Отошла в темноту, затаилась возле последней двери. Здесь поезд кончался, – вместе с последним вагоном все кончалось предметное: дальше были пятна от неблизких огней, и шел снег, и то, что он в самом деле все еще шел, было видно только отсюда, с края платформы. Предметным же самым, самым вещественным и существенным, была сейчас для Елены Глебовны ручка двери. Елена Глебовна готовилась быть каскадером. Кроме ручки этой холодной, от которой можно все ожидать – вдруг заклинит? – ничего сейчас для Елены Глебовны не существовало.

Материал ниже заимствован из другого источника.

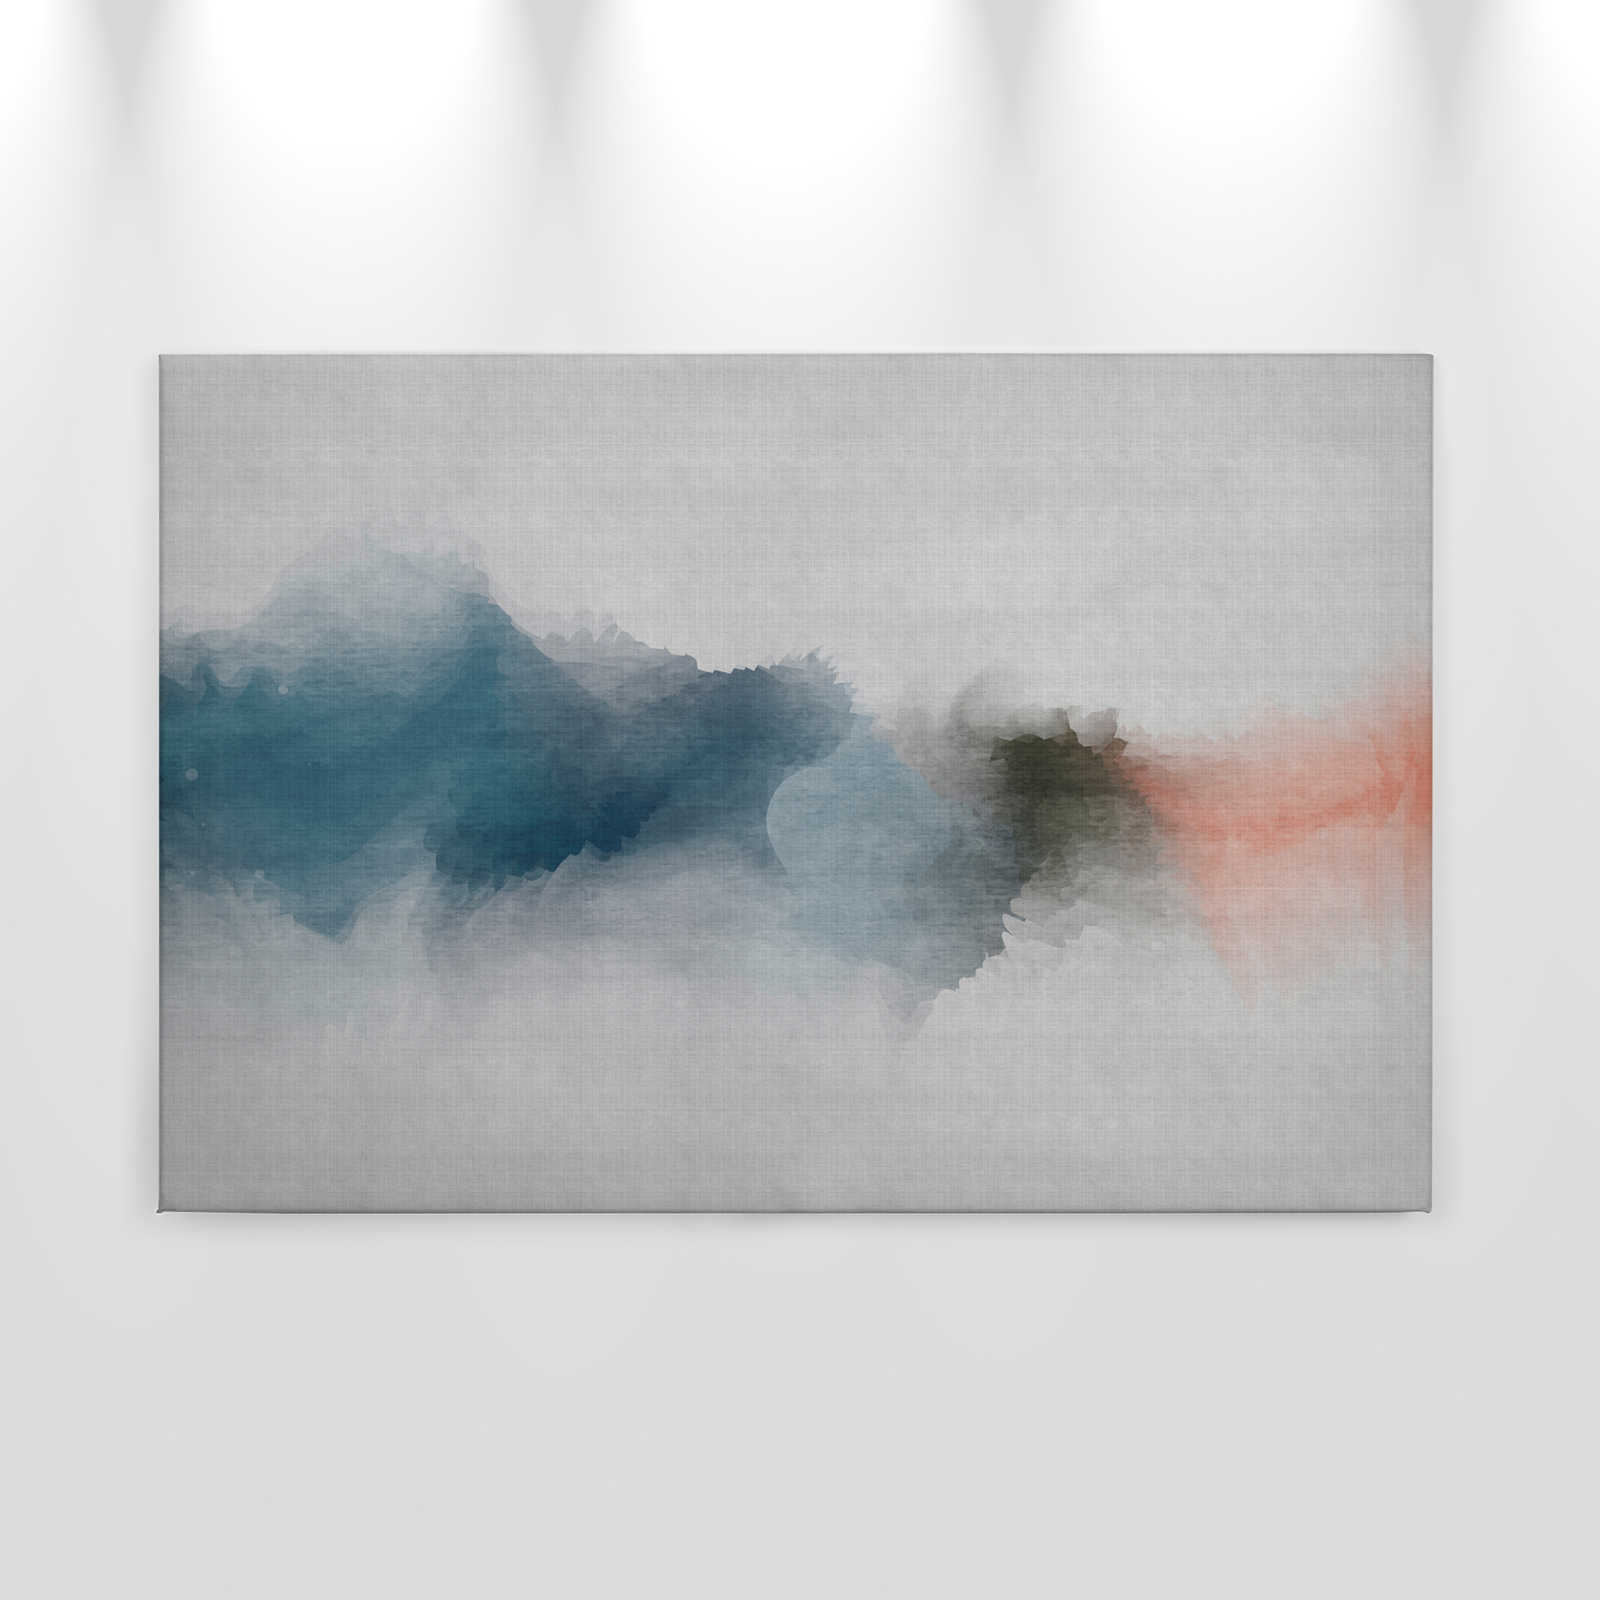             Daydream 1 - Minimalistisches Leinwandbild im Aquarell Stil- Naturleinen Struktur – 0,90 m x 0,60 m
        
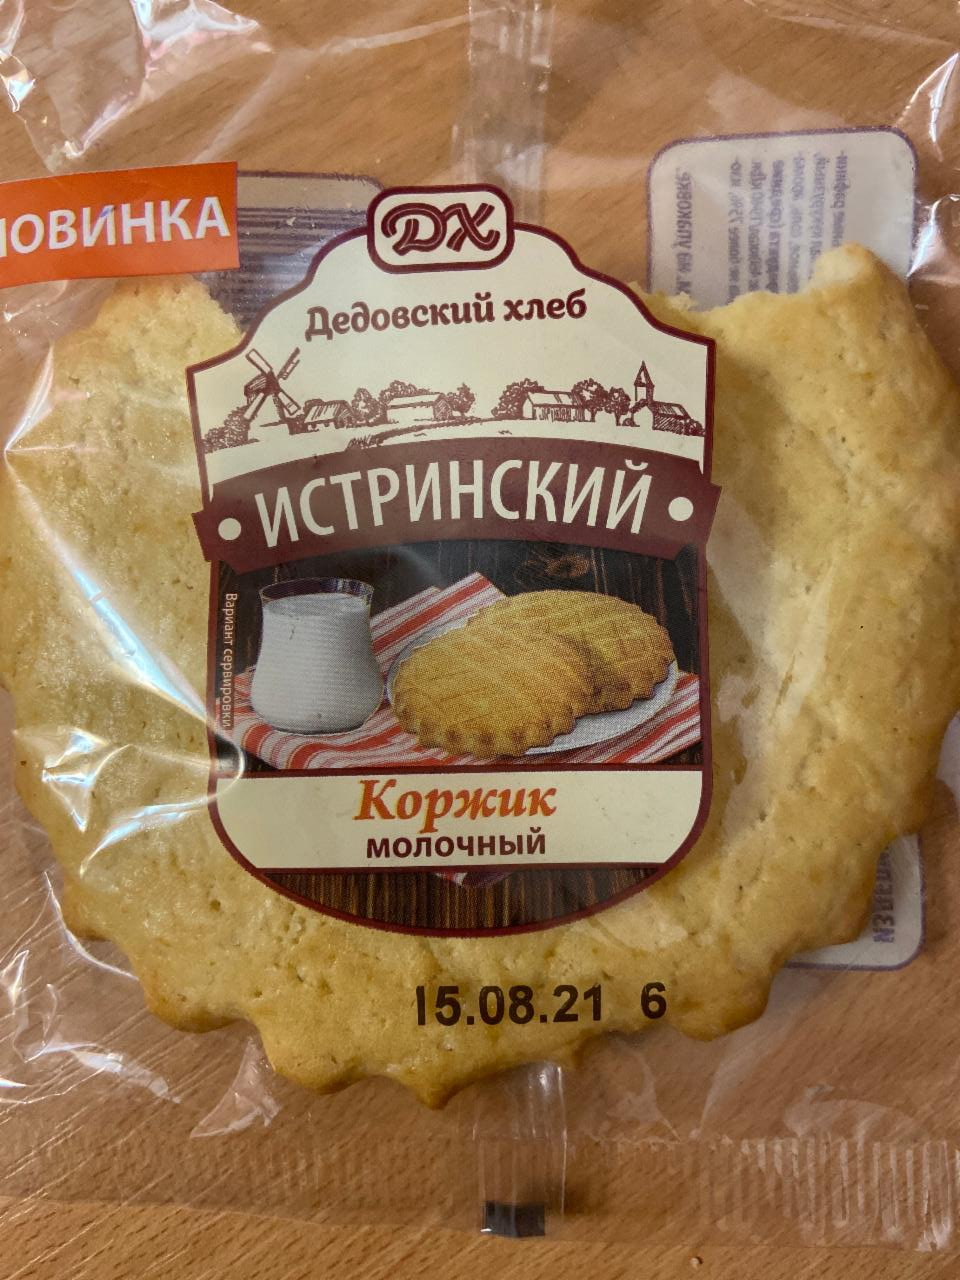 Фото - Коржик молочный Истринский Дедовский хлеб

Она даже не заметила, как посылки прочь увезли и задвинули створки вагона. Но слышала: по вокзалу объявляли отправление поезда.

Состав не столько тронулся, сколько дернулся, а рука уж ручку сама схватила. Удался маневр. Оказавшись в тамбуре, Елена Глебовна обнаружила, что дверь туда, где все остальное, почему-то закрыта. Она мысленно спросила себя, не спавшую двое суток, готова ли провести еще одну ночь в этом холодном тамбуре, и ясно ответила, что готова. Впрочем, поезд еще только набирал ход: вслед за Еленой Глебовной, теперь уже поистине на ходу, впрыгнул в вагон один из ее благодетелей, оказавшийся почему-то не внутри, как того ожидала Елена Глебовна, а снаружи вагона. Он по-хозяйски постучал в закрытую дверь, та немедленно отворилась, и напарник его, весьма удрученный чем-то, произнес, явившись в проходе, нечто загадочное:

– Пружина оборвана, как я и думал. Так что все сорок с аккумулятором.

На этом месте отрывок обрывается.